Kafka Connect

Integration Details

This plugin extracts the following:

Source and Sink Connectors in Kafka Connect as Data Pipelines
For Source connectors - Data Jobs to represent lineage information between source dataset to Kafka topic per {connector_name}:{source_dataset} combination
For Sink connectors - Data Jobs to represent lineage information between Kafka topic to destination dataset per {connector_name}:{topic} combination

Concept Mapping

This ingestion source maps the following Source System Concepts to DataHub Concepts:

Source Concept	DataHub Concept	Notes
`"kafka-connect"`	Data Platform
Connector	DataFlow
Kafka Topic	Dataset

Current limitations

Works only for

Source connectors: JDBC, Debezium, Mongo and Generic connectors with user-defined lineage graph
Sink connectors: BigQuery

Module `kafka-connect`

Important Capabilities

Capability	Status	Notes
Platform Instance	✅	Enabled by default

CLI based Ingestion

Install the Plugin

pip install 'acryl-datahub[kafka-connect]'

Starter Recipe

Check out the following recipe to get started with ingestion! See below for full configuration options.

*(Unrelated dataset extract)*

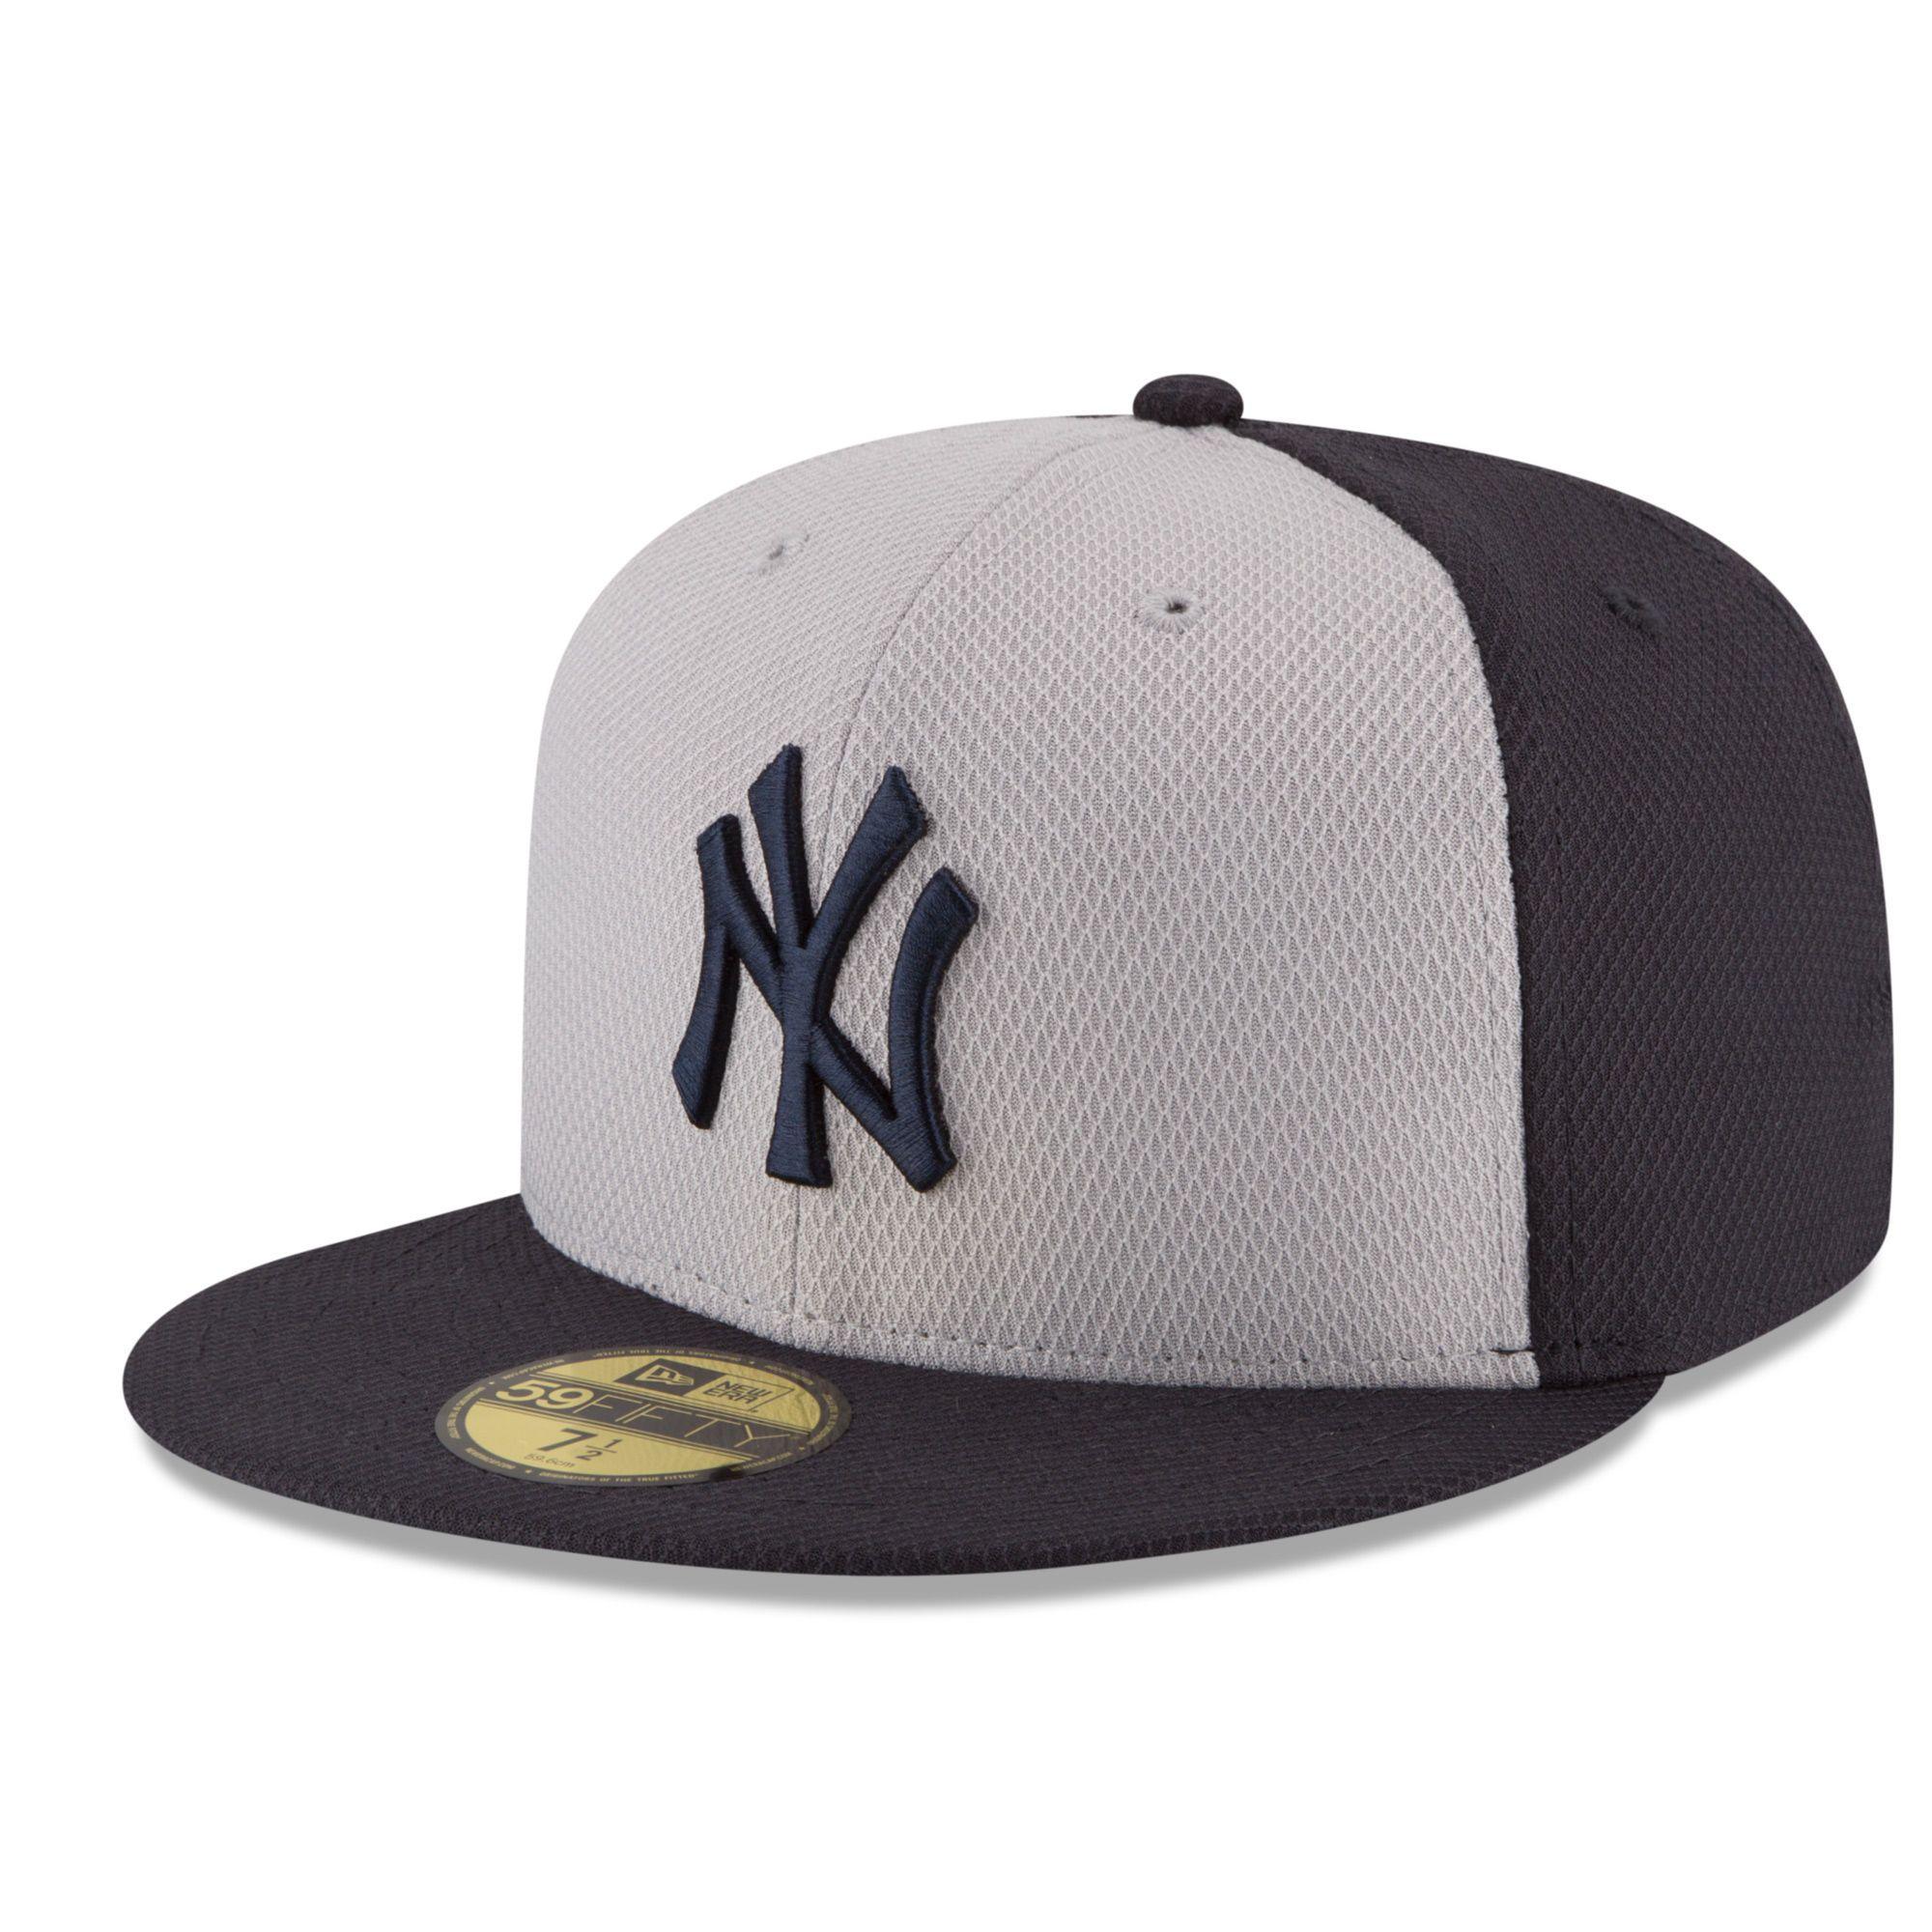 New York Yankees New Era Road Diamond Era 59fifty Fitted Hat Navy Gray Fitted Hats New Era Yankees Yankees Hat

For general pointers on writing and running a recipe, see our main recipe guide.

source:
  type: "kafka-connect"
  config:
    # Coordinates
    connect_uri: "http://localhost:8083"
    
    # Credentials
    username: admin
    password: password

    # Optional
    platform_instance_map:   
      bigquery: bigquery_platform_instance_id
    
sink:
  # sink configs

Config Details

Options
Schema

Note that a . is used to denote nested fields in the YAML recipe.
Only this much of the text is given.